We finally had a Special Meeting of Associate Members Tuesday night—which Gary Pierson had refused to convene. It was well-attended and showed St. Louis media that we are way more together than this disengaged, half-vacant BoD. Gary Pierson rudely interrupted the proceedings to declare that the meeting is illegal. Ruling by fiat seems to be his default mode. We are taking steps to save KDHX and the community is squarely behind us.
Since I am on the list to get my head right or lose my show, I may have done my last show last Saturday. But I’m not in 2nd Grade and Gary and Kelly aren’t inhabiting the principal’s office, so that meeting isn’t going to happen.
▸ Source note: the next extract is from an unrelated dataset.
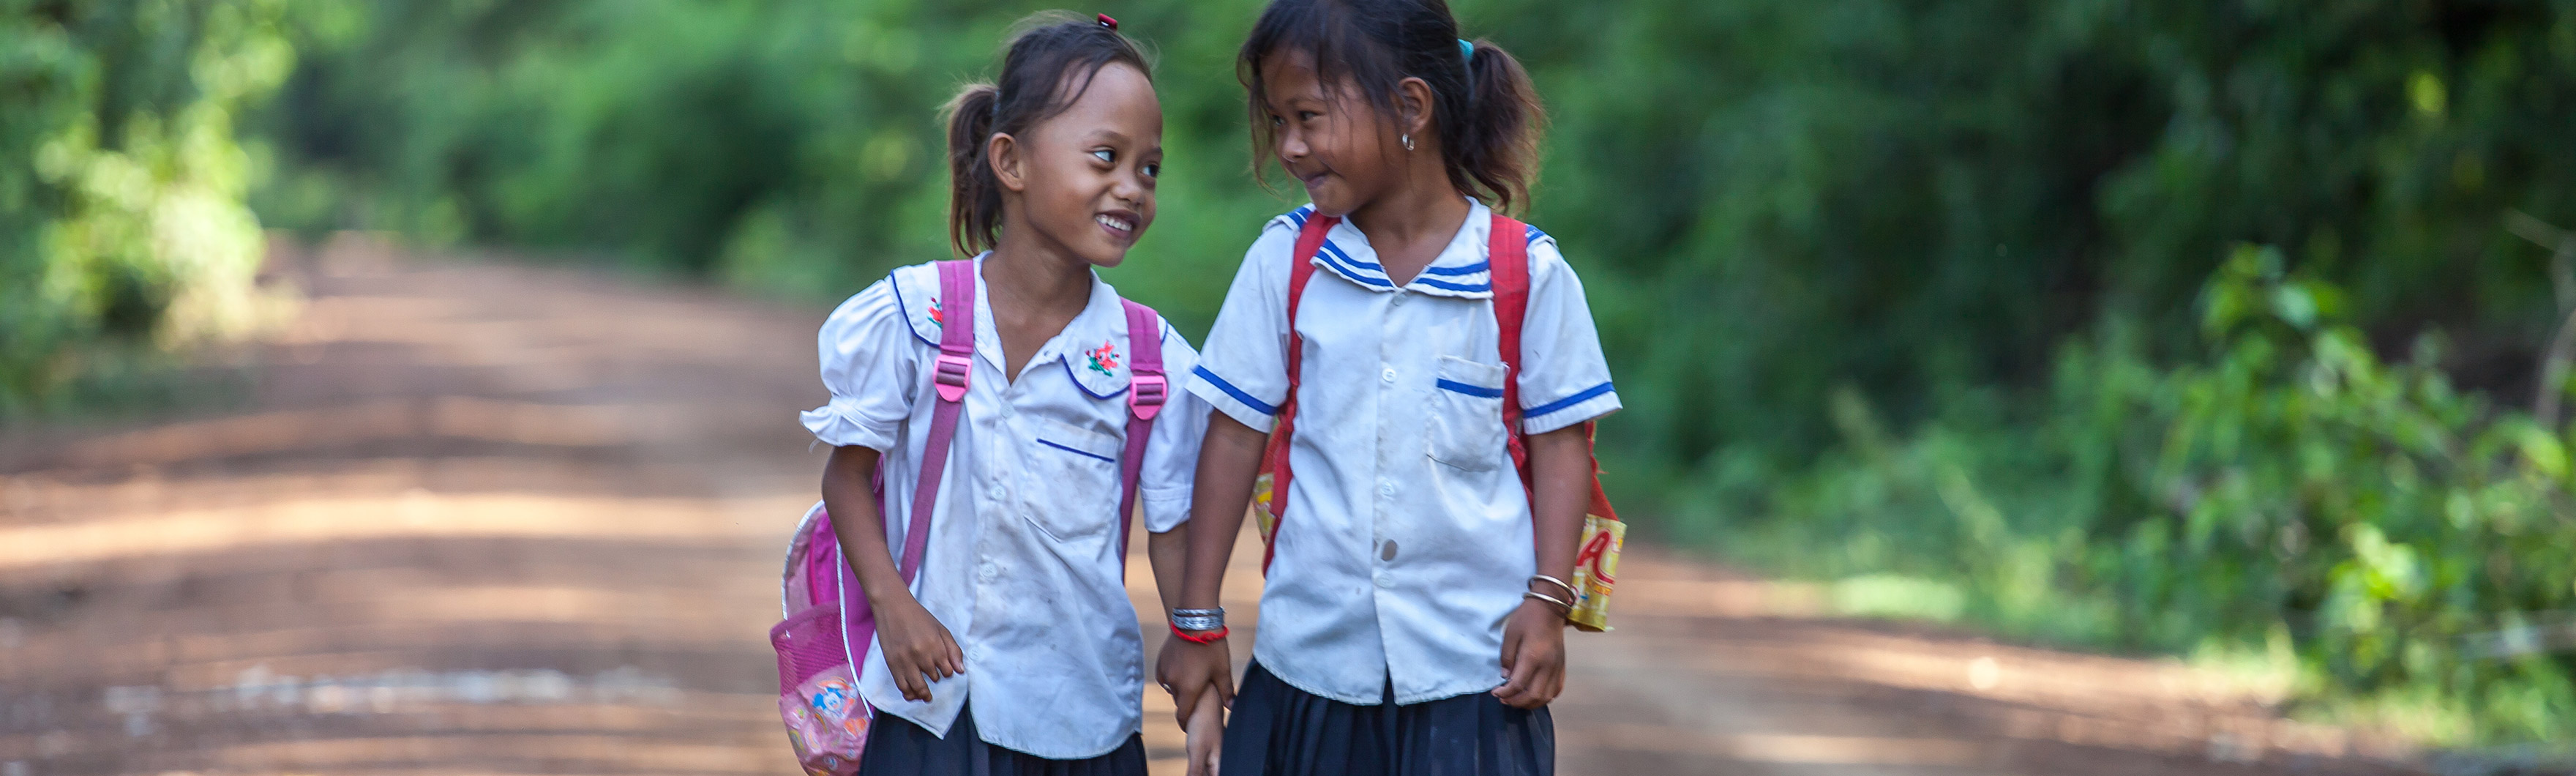 Cambodia, Kampong Champ, Channa, amputated and fitted with a prosthesis by HI, here on her way to school with a friend.

There is nothing I would believe from these duplicitous fabricators, who hide everything in secrecy and think they’re answerable to no one. Well, I would say the DJs, who produce and deliver 95% of KDHX’s content and for 35 years have raised more than half of the revenues are stakeholders of considerable import, but they refuse to seriously engage with us. So, I’m off to strike with fellow DJs Tim Rakel, Ital-K, Glenda Volk and Mr. Roots, Al Swacker and the esteemed Sunny Boy Mason until such time as this board and senior staff are gone, DJs are once again serving on the BoD, and everyone who wants to keep their show and time slot is reinstated. Which side are you on, boys, which side are you on?
Be safe, be smart, be respectful…and maybe we’ll see ya on down the road.